Cluster set up

This page covers how you get set up on the GenomeDK cluster to do your project.

First log in to the cluster:

Terminal

ssh <cluster user name>@login.genome.au.dk

Install Python on your cluster account

You need to install miniconda (a minimal Anaconda version) in your cluster home dir. Log in to the cluster and run this command to download the miniconda install script:

Terminal

wget https://repo.anaconda.com/miniconda/Miniconda3-latest-Linux-x86_64.sh

Then use this command to download and install miniconda:

Terminal

bash Miniconda3-latest-Linux-x86_64.sh

Follow the default installation, and say yes when it asks you if it should run conda init for you.

NP: Now log out of the cluster and log back in. This is needed to make the conda command available to you.

The project folder

The project folder is a folder that is set up on the cluster to hold your project. I use the placeholder <projectfolder> here, but it will be called something sensible like baboonadmixture.

It is accessible to only you and anyone else you collaborate with (such as your supervisor). The project folder is in your home directory and should hold the following subfolders:

<projectfolder>
    /data
    /people
        /<username>
        /<supervisor_username>

The <projectfolder>/people/<username> is your domain. This is where you have all the files that relates to your project.

The name of the project folder is is also the name of the account that gets billed for the work on the cluster. When you run gwf, srun, sbatch or slurm-jupyter (see below) you must specify that project name using the -A or --account options (see below for more details on that).

Make a Git repository for your project

Git is a version control tool that you use from the terminal. A folder under Git control is called a repository. Git does not interfere with your files and it does not save them. It lets you monitor the state of your files so you can easily see if any files are added, modified, or removed, and it allows you to (manually) maintain a record of what files where changes when, how, and for what reason.

1. Start by creating your own github account if you do not have one already.
2. Follow the instructions on this page to add ssh keys to GitHub.
3. Email me your GitHub username on so I can add you to the shared GitHub account for our research group. I will create a repository for you with scaffold of folders and with placeholder files that will get you started in the right way.
4. Wait for an email or notification and accept my inviation to the “munch-lab” GitHub organization and an email from me with the name of the repository I made for your project. On these pages, I will use <repositoryname> for the name of your repository.
5. Make sure you are logged into your GitHub account and then go to the repository listing at the munch-lab organization on GitHub. Find the directory I made for you and have a look at what is in there. Leave it there for now.

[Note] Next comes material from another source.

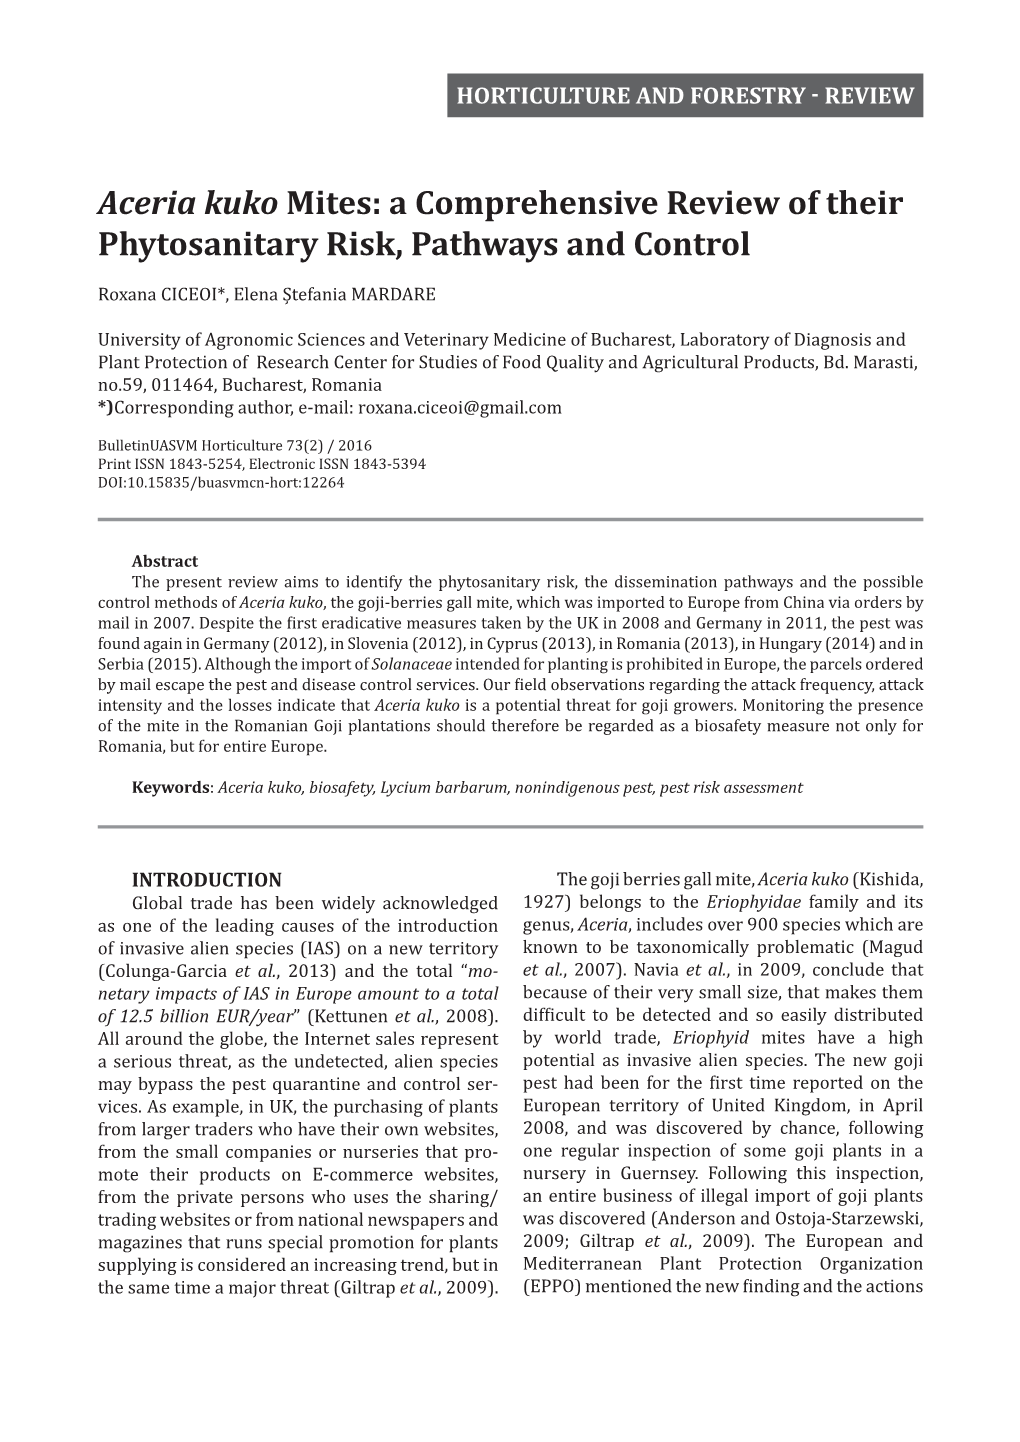 Aceria Kuko Mites: a Comprehensive Review of Their Phytosanitary Risk, Pathways and Control

Cloning this git repository to the cluster

Start logging into the cluster and run these two commands to let Git know who you are:

Terminal

git config --global user.name "<Your GitHub user name>"
git config --global user.email <your_email@whatever.com>

Go to your folder under the project folder (~/<projectfolder>/people/<username>). Once you are in that folder, you can “clone” your git repository from GitHub to the folder on the cluster.

Terminal

git clone git@github.com:munch-lab/<repositoryname>.git

(replace <repositoryname> with the actual name of your repository).

You now have a folder called <projectfolder>/people/<username>/<repositoryname> and this is where you must keep all your files for the project.

If you cd into <repositoryname> and run ls, you will see a number of folders.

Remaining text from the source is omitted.